The lyrics on your first two albums had an out-of-controlness about them, as though you were hurling words at a blank piece of paper. How do you feel about them now?
A mixture of feelings. I feel very affectionate towards a lot of the songs, probably because I was much younger then. But again, there are lyrics that I can't accept even though they were written when I was only 20. I think I was quite a naïve 20-year-old, so when I first moved into music it was like getting everything off my chest in one fell swoop. It all came pouring out. And because I also was very mixed up and feeling misunderstood - like we all are at that age - that went into the music in a very extreme way. What I wanted to do was to shock: I wanted to do something shocking. That's what led to the words being as extreme as they are.

What will your next album be like?
A lot of the songs I've already written delve into dark areas again. Stories From The City... satisfies a piece of me, but it doesn't satisfy me in a whole way. I'm still looking for something that kind of covers all areas and I am very, very drawn to music that is unsettling, uncomfortable, dark, dealing with taboo subject matter. That's really where my heart of hearts lies.

By necessity and by choice, Polly Harvey doesn't make art that comes fluently to her. She makes art that involves labour and digging deep within - which is why she makes it, why there's so much of her in it, and why Captain Beetheart's phone rings every time she can't take any more of it. Like Beefheart, there's a chance that music won't be Harvey's outlet forever. She has already started to act in films (she starred in Hal Hartley's The Book Of Life in 1998, and more work is pencilled in for the spring), and also sculpts and writes poetry.

Harvey is an extremist: that stuff about Gallo being a 100 percenter could easily have been said about her.

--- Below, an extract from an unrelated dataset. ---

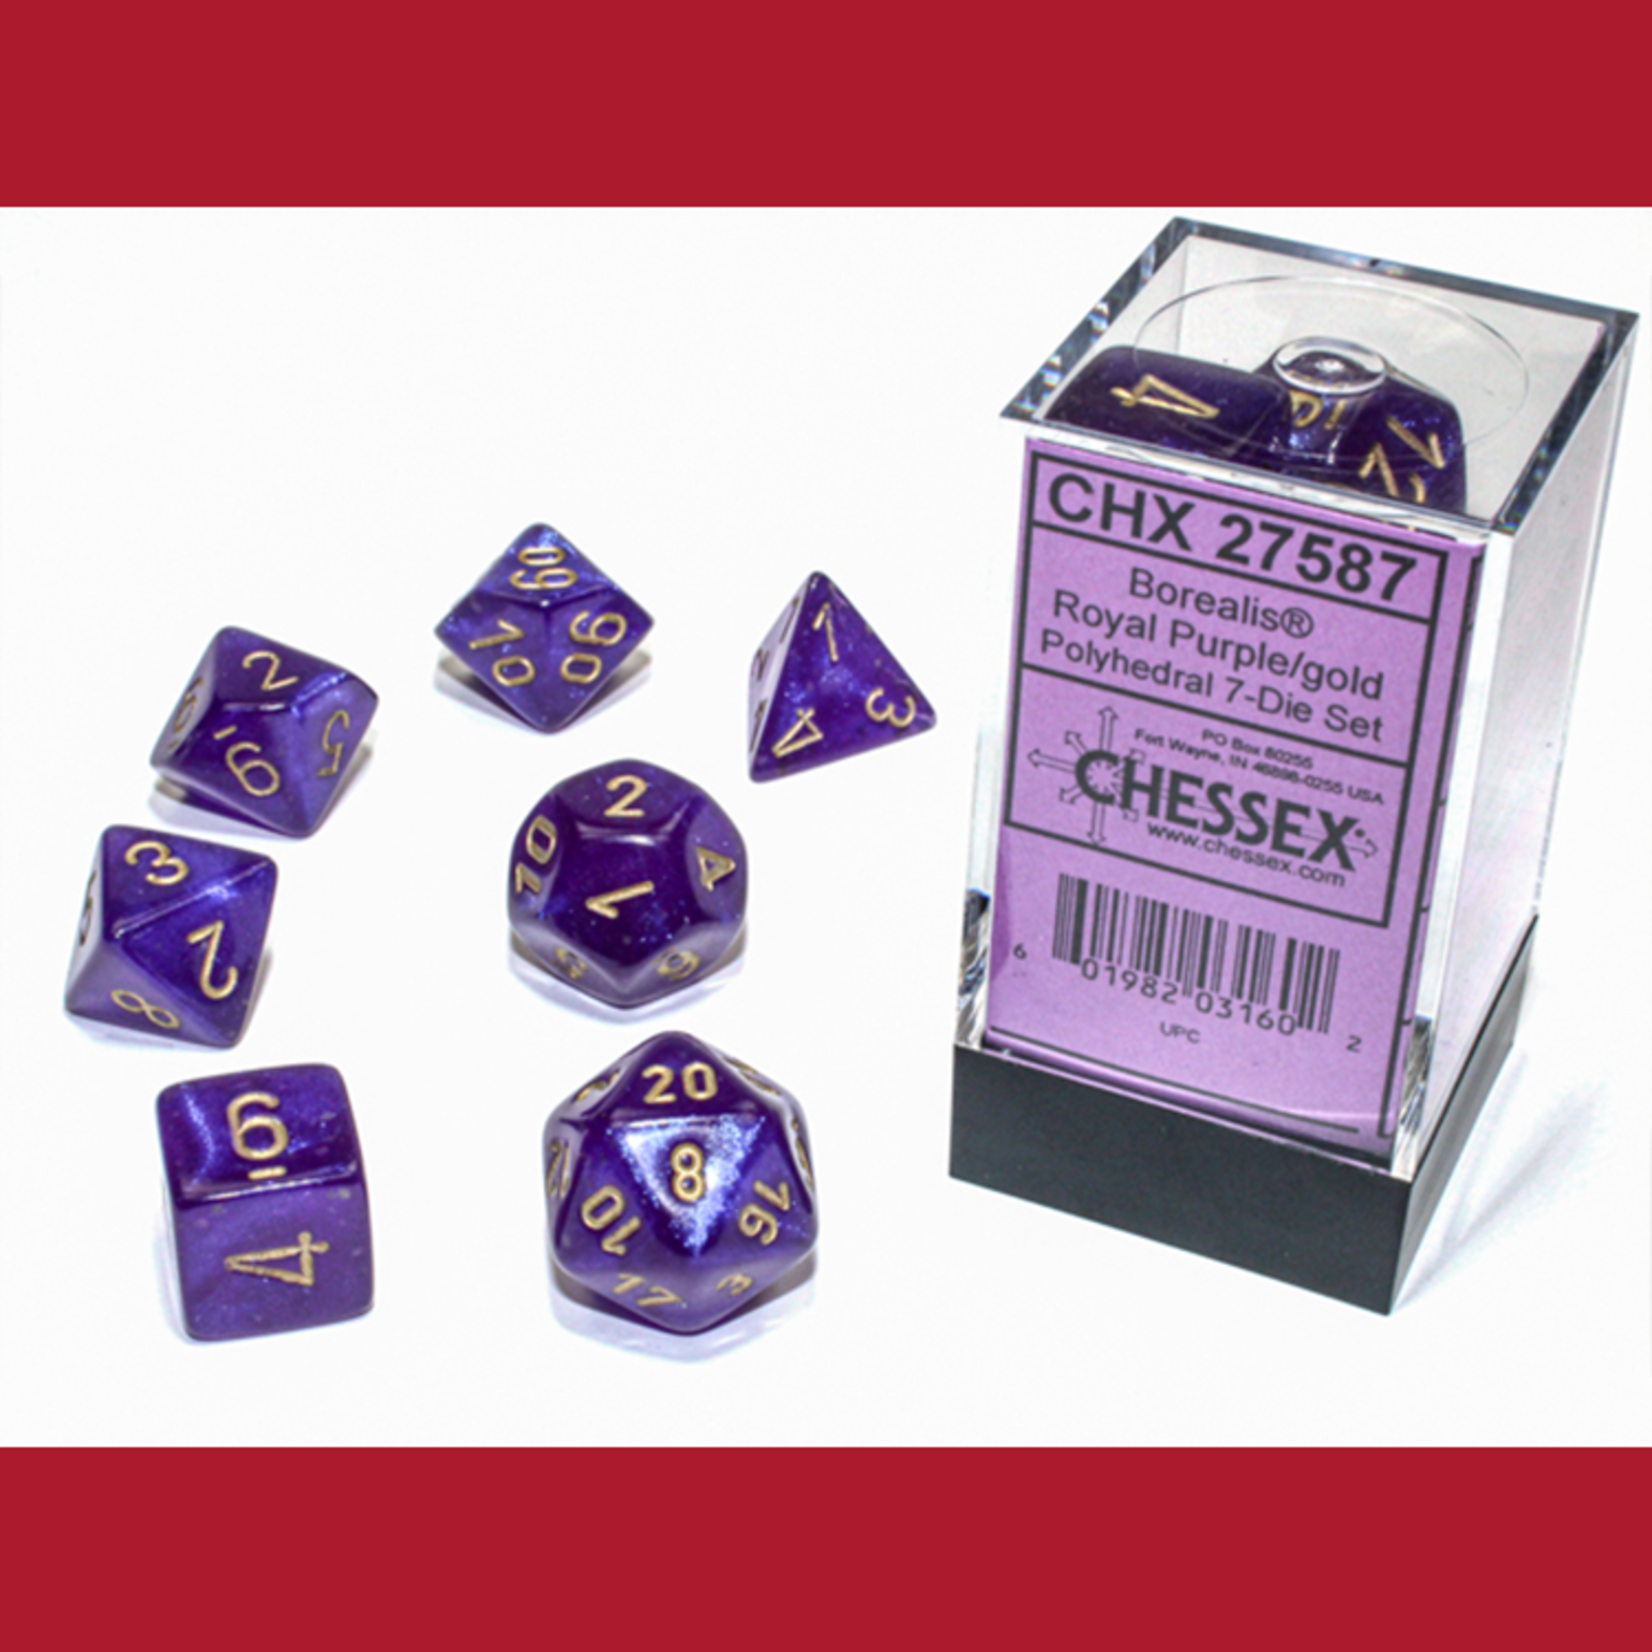 Chessex CHX 27587 Borealis Luminary Royal Purple / Gold Polyhedral 7-die Set
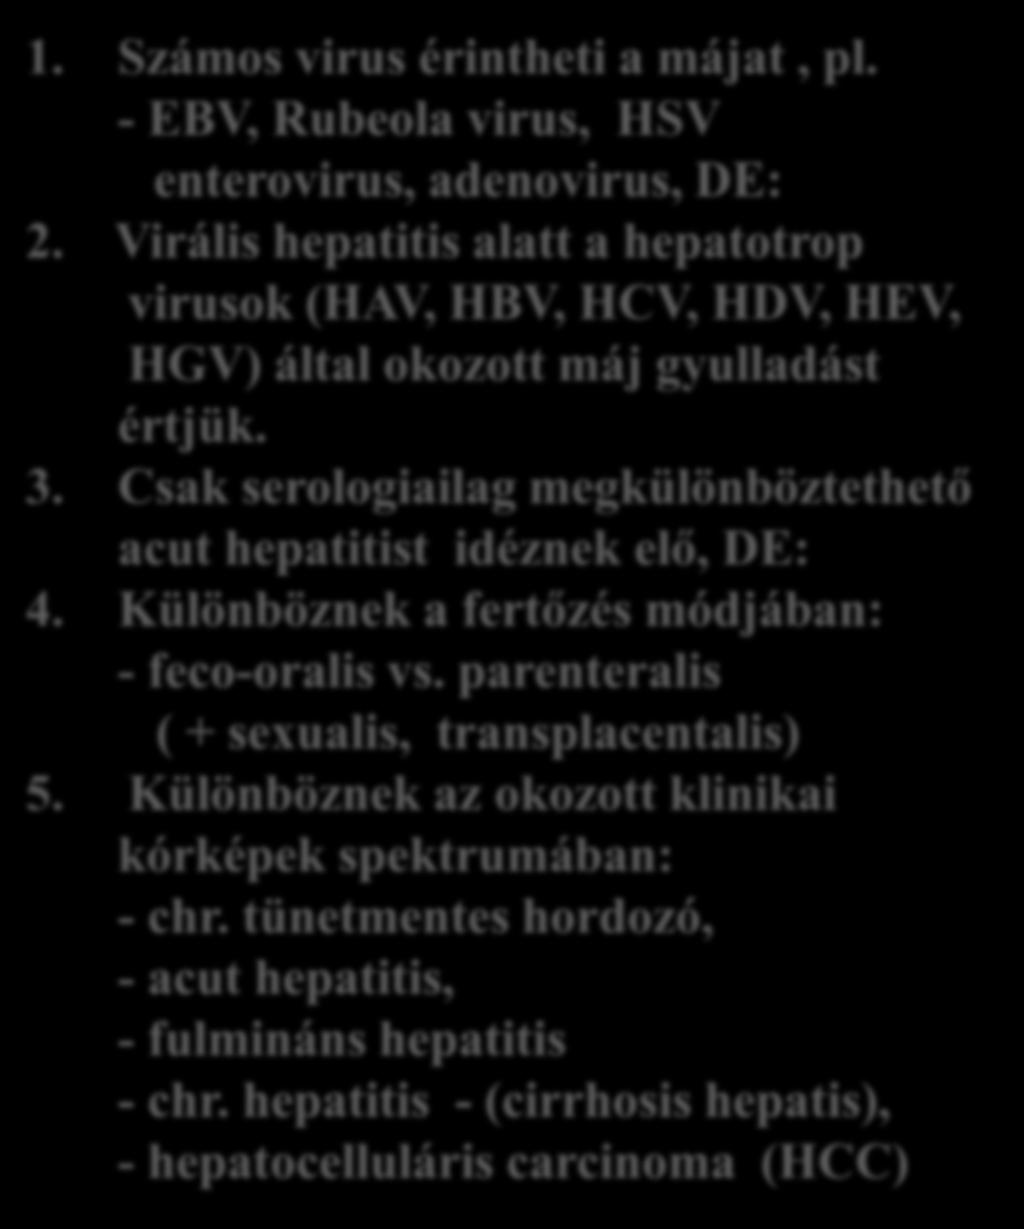 Virus hepatitis 1. Számos virus érintheti a májat, pl. - EBV, Rubeola virus, HSV enterovirus, adenovirus, DE: 2.

She currently puts 100 per cent into music and gets a fair percentage in return. "It's important that I'm always pushing boundaries and being able to satisfy that creative need of expression. At the moment, music still fulfils that for me, but there might come a time when I can say things better through a different medium. Whether that's going to be sculpture, acting, writing poetry or filmrnaking, I don't know. But I'm sure there'll be a time when I'll give 100 per cent in some other area."

And most likely garner plaudits on both sides of the Atlantic.